Испанцы работают прилежно, но вне американской горячки: и в труде они
соблюдают достоинство. Форд построил в Барселоне сборочные мастерские. Он
установил там свою знаменитую «ленту». Рабочие не пошли к Форду.
Квалифицированный рабочий Барселоны получает семь-восемь песет в день. Форд
платит пятнадцать, но на его заводе нет ни одного рабочего из профсоюза, только
злосчастный сброд, набранный в Китайском квартале. Испанские рабочие любят свое
дело, это прекрасные токари, сапожники, столяры. В труде они ищут творчества.
Несколько лишних песет их соблазняют куда меньше, нежели свобода.
Право на досуг здесь кажется столь же необходимым и естественным, как
право на воздух. Вот сапожник, он отработал столько-то часов, он сидит на
пороге и слушает, слушает, как поет девушка с кувшином, как ревет осел, как
перекликаются дети. Приходит заказчик: набить подметки… Сапожник спрашивает
жену: «Mujer20, у нас есть сегодня на обед?» Узнав, что на обед есть хлеб и
горох, сапожник отсылает клиента к другому сапожнику: он отдыхает. Носильщик в
Севилье отнес сундук, получил песету. «Отнеси другой, получишь еще песету»…
Носильщик отказывается: с него на сегодня хватит, [30] теперь пусть заработает
товарищ… Для мистера Форда это либо сумасшедшие, либо преступники: они не хотят
работать до одури, они не понимают, что правда в сбережениях, они не думают о
завтрашнем дне. Для испанского рабочего это обыкновенные люди – не лентяи, но и
не стяжатели, люди, которые умеют, даже голодая, жить. Батраки Андалусии
старательно оговаривают свое право на несколько «сигар», это, конечно, не
сигары – у них и на папиросы не хватает, нет, это пятнадцать минут отдыха,
столько, сколько предположительно курят сигару, это право несколько раз в день
не только работать на процветание графа или маркиза, но лежать на земле,
глядеть вдаль или просто дышать.
Храбрость, эта историческая добродетель испанского народа, сохранилась
только среди рабочих и крестьян… Журналисты, устраивая в кафе безобидные
заговоры, заручались хорошими связями. Умирали рабочие и крестьяне. Их
расстреливали гвардейцы при короле, их расстреливают гвардейцы при республике.

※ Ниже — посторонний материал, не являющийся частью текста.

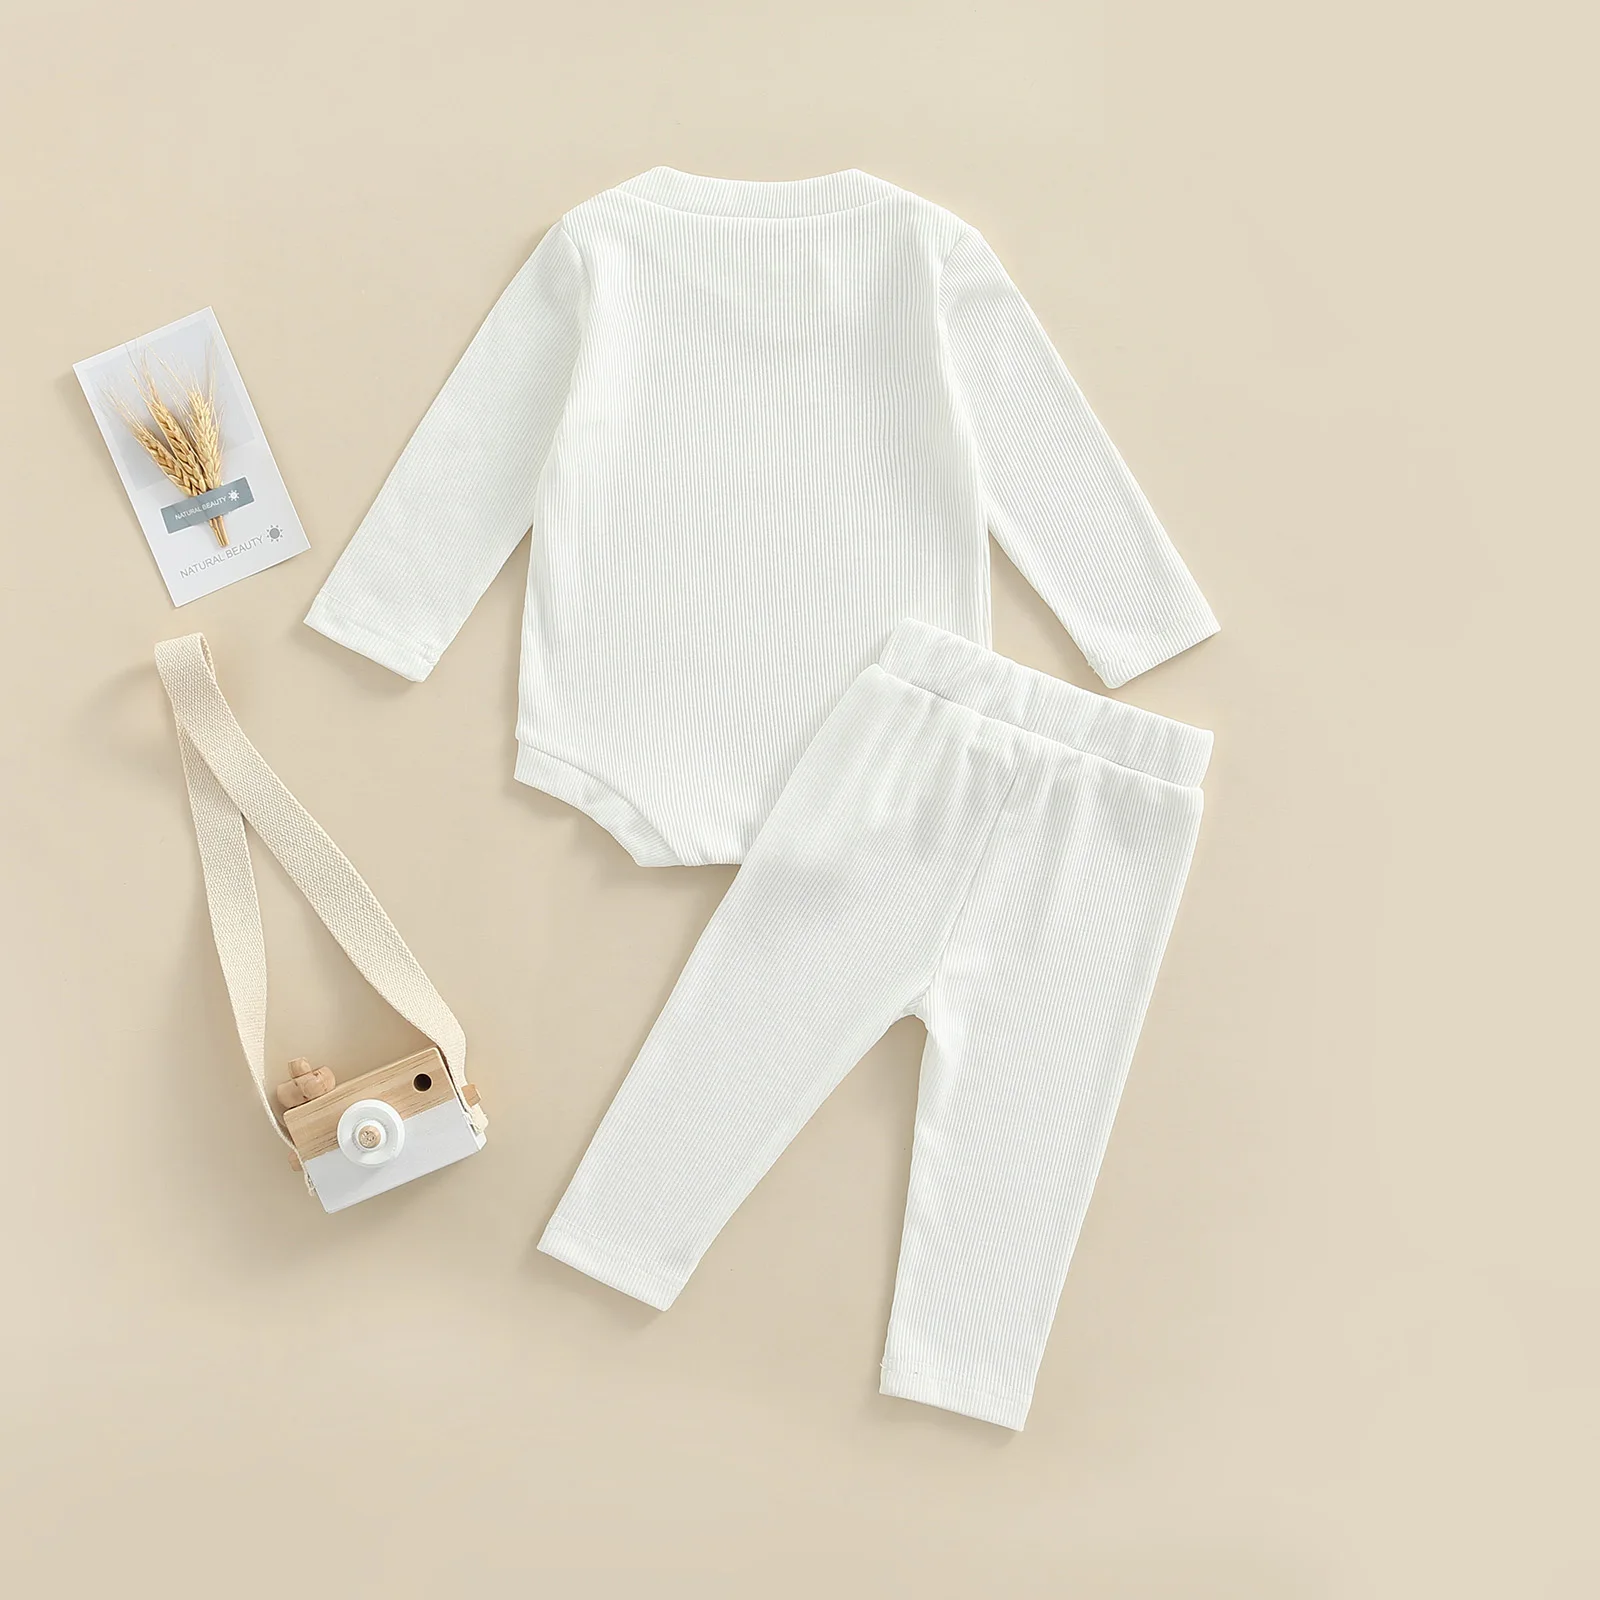 ma&baby 0-18M Spring Autumn Newborn Infant Baby Girls Boys Clothes Set Knitted Soft Romper Pants Outfits Clothing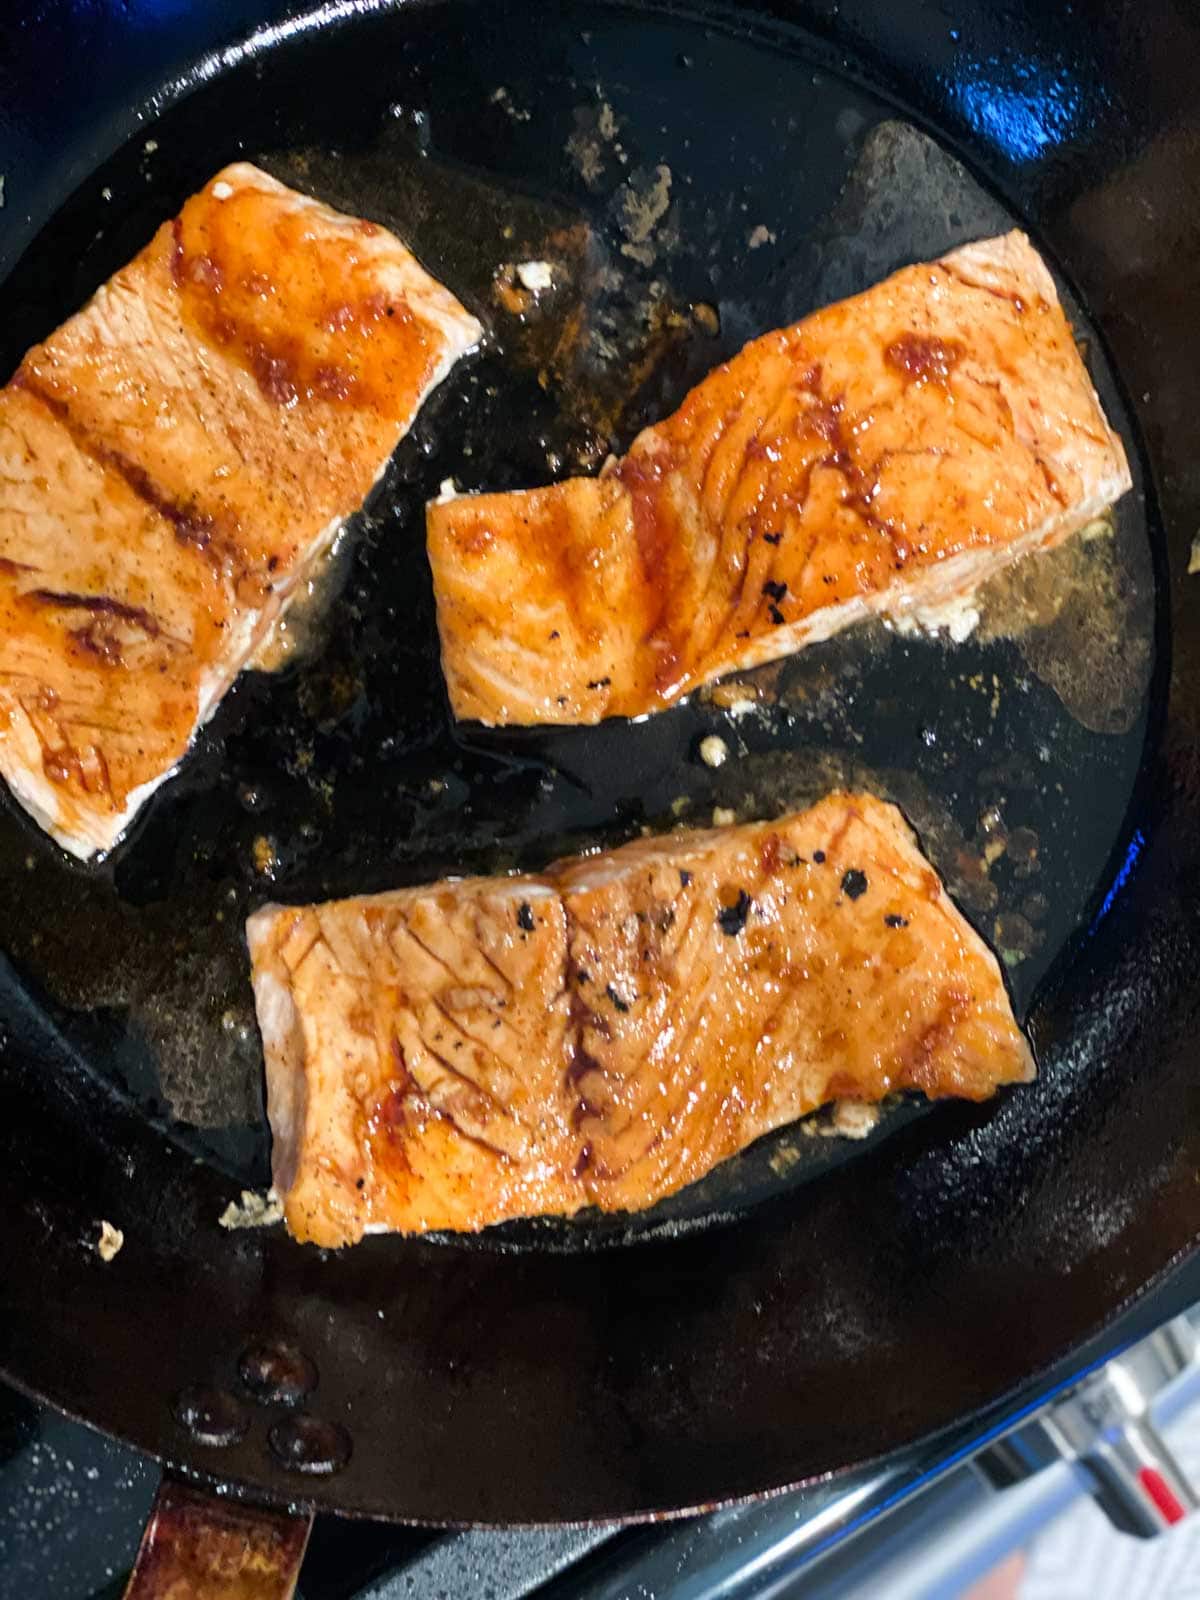 Three salmon filets being pan-fried and brushed with teriyaki sauce

Они умеют идти против винтовок с голыми руками.
Мадрид. Сентябрь. Демонстрация. Коммунист произносит речь на выступе дома.
Это рабочий. Слушают его обитатели квартала Куатро Каминос: рабочие и
ремесленники. «Стреляют!» Оратор продолжает говорить. Толпа продолжает слушать.
Каждый день газеты сообщают: в Хихоне рабочие отказались разойтись, один
убит, два ранены. В провинции Гранада столкновение крестьян с гвардией, трое
убиты. В Севилье два… В Бильбао четыре… В Бадахосе один…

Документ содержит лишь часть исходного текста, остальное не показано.